No explicit TTL is required for counters, because period start is embedded in the key. When period changes, a new key is used.

## Cost source resolution

`cost_key` determines where cost is read from:

- `fixed`
- `header:<name>`
- `query:<name>`

If missing/invalid/non-positive, `default_cost` is used.

Practical pattern:

- start with `fixed_cost: 1`
- migrate to weighted pricing using `header:x-request-cost`

## Staged actions

`staged_actions` is a sorted threshold table.
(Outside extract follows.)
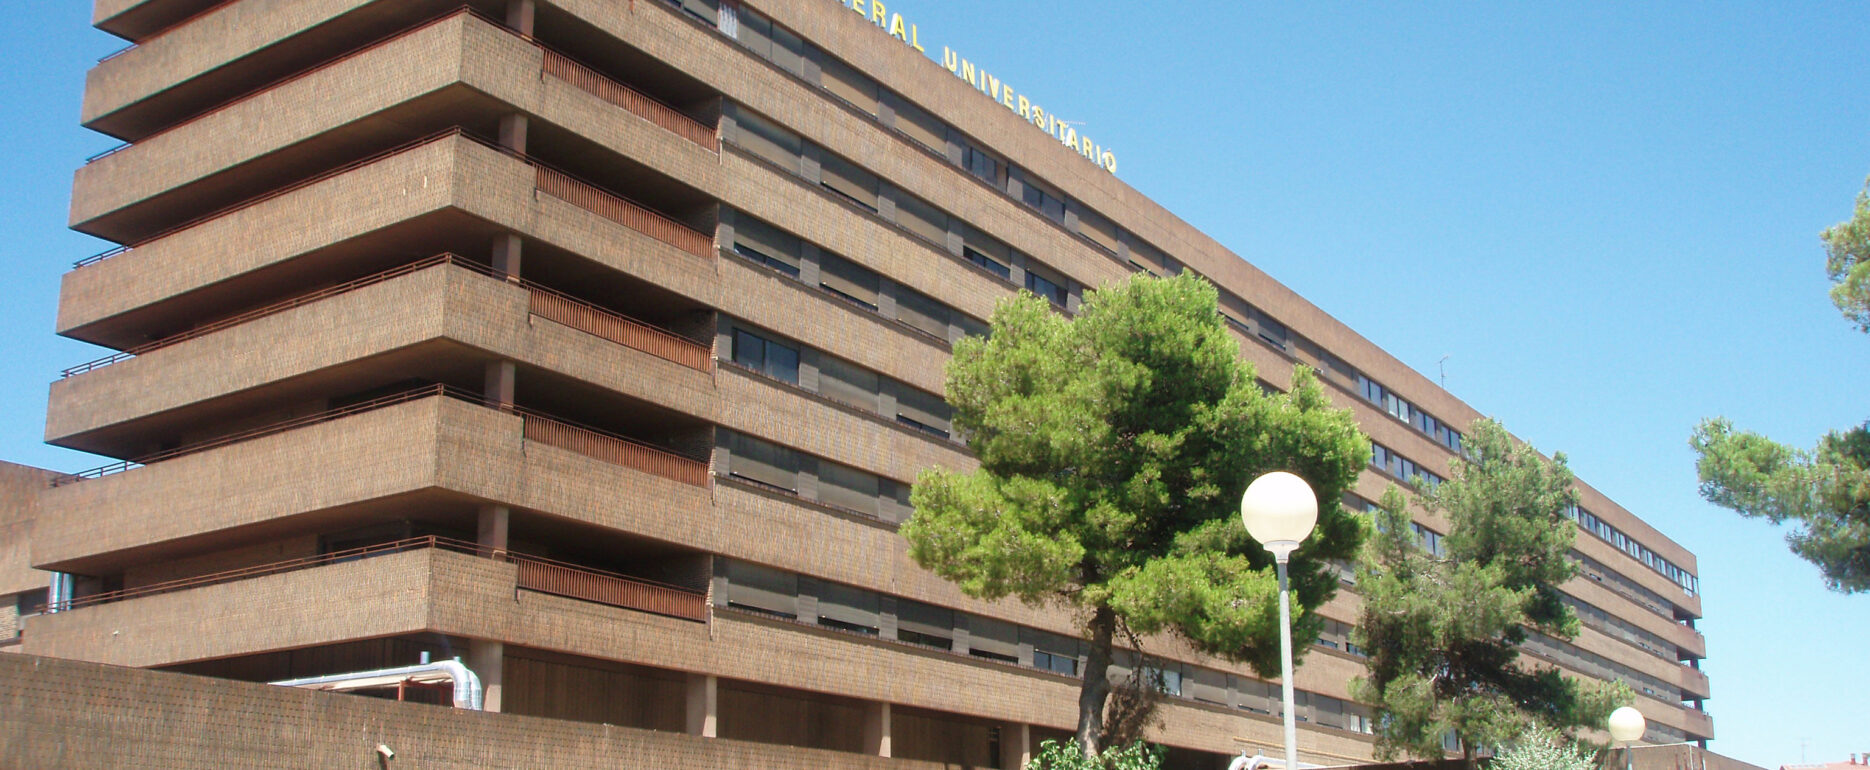 Hospital de Albacete al que fue llevado el joven al que acababan de apuñalar

The active stage is the highest threshold reached by current usage.

Example:

```json
"staged_actions": [
  { "threshold_percent": 80, "action": "warn" },
  { "threshold_percent": 95, "action": "throttle", "delay_ms": 500 },
  { "threshold_percent": 100, "action": "reject" }
]
```

Action semantics:

- `warn`: request allowed, warning marker is set
- `throttle`: request delayed by `delay_ms`, then allowed
- `reject`: request denied with `budget_exceeded`

Important runtime nuance:

- config must contain `reject` at `100%`
- a `reject` threshold below `100%` is not used while still under budget
- true rejection happens only when usage goes over budget

## Rejection and rollback

When the increment makes usage exceed budget:

- Fairvisor performs compensating `dict:incr(..., -cost)`
- rejected request is not counted as consumed budget
- response reason is `budget_exceeded`

This keeps accounting aligned with accepted traffic.

## State format

Keys are stored in `ngx.shared.fairvisor_counters`:

```text
cb:{rule_name}:{composite_limit_key}:{period_start_epoch}
```

Example:

```text
cb:daily-budget:org-abc:1761177600
```

## Configuration

```json
{
  "algorithm": "cost_based",
  "algorithm_config": {
    "budget": 1000,
    "period": "5m",
    "cost_key": "header:x-cost-units",
    "fixed_cost": 1,
    "default_cost": 1,
    "staged_actions": [
      { "threshold_percent": 80, "action": "warn" },
      { "threshold_percent": 95, "action": "throttle", "delay_ms": 500 },
      { "threshold_percent": 100, "action": "reject" }
    ]
  }
}
```

| Field | Required | Default | Validation |
|---|---|---|---|
| `budget` | yes | - | positive number |
| `period` | yes | - | one of `5m`, `1h`, `1d`, `7d` |
| `cost_key` | no | `fixed` | `fixed`, `header:<name>`, `query:<name>` |
| `fixed_cost` | no | `1` | positive (used for `fixed`) |
| `default_cost` | no | `1` | positive |
| `staged_actions` | yes | - | non-empty, strictly ascending thresholds, must include `reject@100` |

`staged_actions[]` fields:

| Field | Required | Validation |
|---|---|---|
| `threshold_percent` | yes | number in `[0, 100]` |
| `action` | yes | `warn`, `throttle`, `reject` |
| `delay_ms` | conditional | required and `> 0` for `throttle` |

## Response headers

On allowed requests (in `enforce` mode):

```
RateLimit-Limit: 1000
RateLimit-Remaining: 753
RateLimit-Reset: <seconds until period end>
```

On rejection:

```
HTTP 429 Too Many Requests
Retry-After: <seconds until next period start>
RateLimit-Limit: 1000
RateLimit-Remaining: 0
X-Fairvisor-Reason: budget_exceeded
```

`Retry-After` is `ceil(next_period_start - now)`, minimum 1 second.

## Failure behavior

If shared dict increment fails (for example dict pressure), algorithm fails open:

- request is allowed
- error detail is returned to caller path for logging/metrics
- traffic is not blocked due to storage failure

## Tuning

1. Choose budget from real commercial quota (not synthetic RPS)
2. Start with one warning stage (`70-85%`) and one throttle stage (`90-97%`)
3. Keep throttle delay modest; runtime caps throttle sleep at 30s anyway
4. Always keep a hard reject at 100%
5. Use fixed cost first, then move to weighted cost once producers can send trustworthy cost headers

## Example

```json
{
  "name": "org-daily-spend",
  "limit_keys": ["jwt:org_id"],
  "algorithm": "cost_based",
  "algorithm_config": {
    "budget": 500,
    "period": "5m",
    "cost_key": "header:x-request-cost",
    "default_cost": 1,
    "staged_actions": [
      { "threshold_percent": 80, "action": "warn" },
      { "threshold_percent": 95, "action": "throttle", "delay_ms": 200 },
      { "threshold_percent": 100, "action": "reject" }
    ]
  }
}
```

## Combine with other controls

Typical production stack:

- `token_bucket` for short-term burst control
- `cost_based` for period quota
- `token_bucket_llm` for token economics on LLM endpoints

All matched rules must pass, so you can enforce both real-time and period constraints together.